Follow along the Whisper JAX README file. I've listed a couple essential steps below:

Step 1: Install JAX
Navigate to the JAX page and look for the instructions.

Hardware Instructions
CPU pip install -U jax
NVIDIA GPU pip install -U "jax[cuda12]"
Google TPU pip install -U "jax[tpu]" -f https://storage.googleapis.com/jax-releases/libtpu_releases.html
AMD GPU Use Docker or build from source.
Apple GPU Follow Apple's instructions.

Apple GPU
I primarily use Anaconda environments instead of Python Virtual Environment (venv). The instructions here choose to use venv. I found this Medium article where it sets up a conda env specifically to build PyTorch on Metal/MPS. Lmk if you want that article.

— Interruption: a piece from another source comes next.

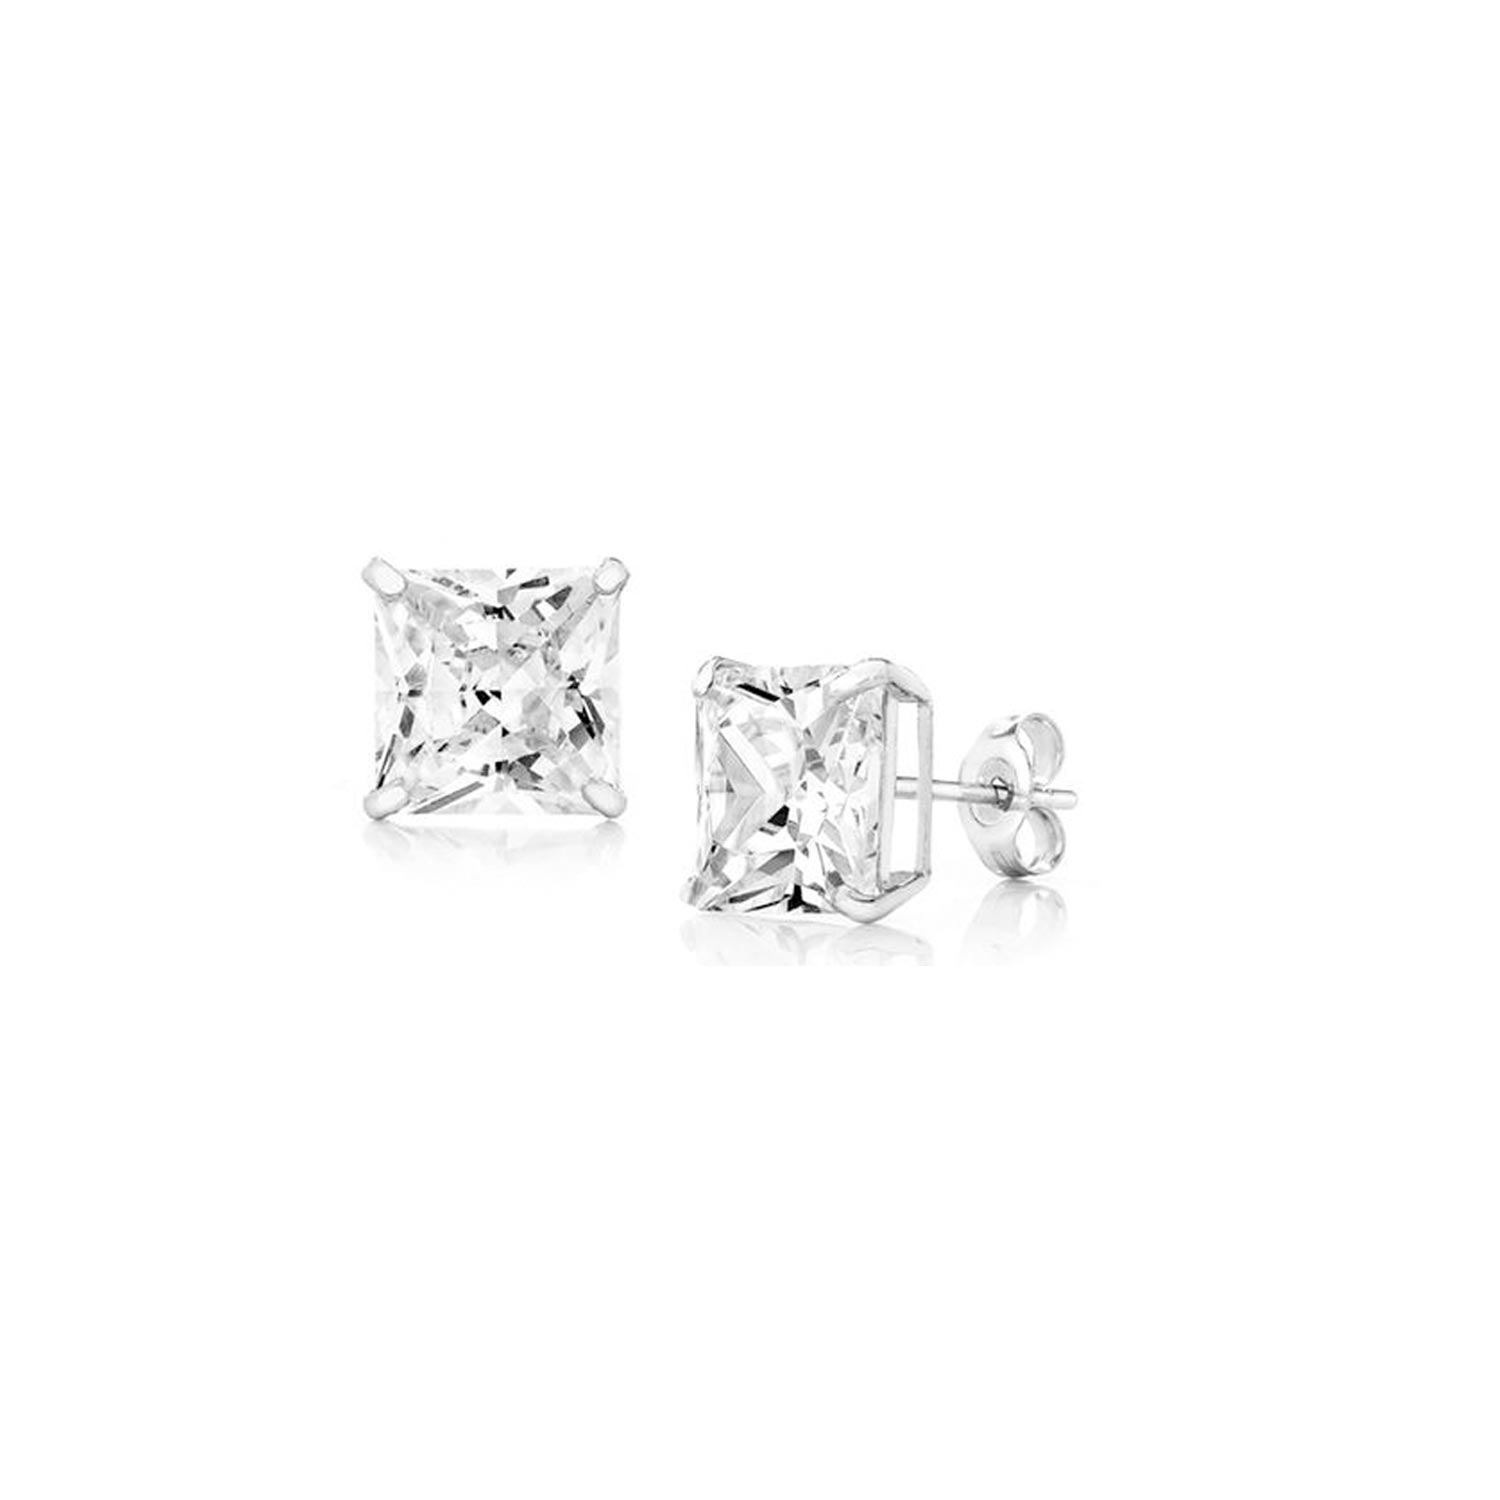 14K White Gold Stud Earrings Made with Swarovski Elements

python3 -m venv ~/jax-metal # optional
source ~/jax-metal/bin/activate # optional
python -m pip install -U pip
python -m pip install numpy wheel
python -m pip install jax-metal

jaxlib Compatibility

pip install -U jaxlib jax
ENABLE_PJRT_COMPATIBILITY=1 python -c 'import jax; print(jax.numpy.arange(10))'

^^ Remember this, we'll need to create an environment variable later.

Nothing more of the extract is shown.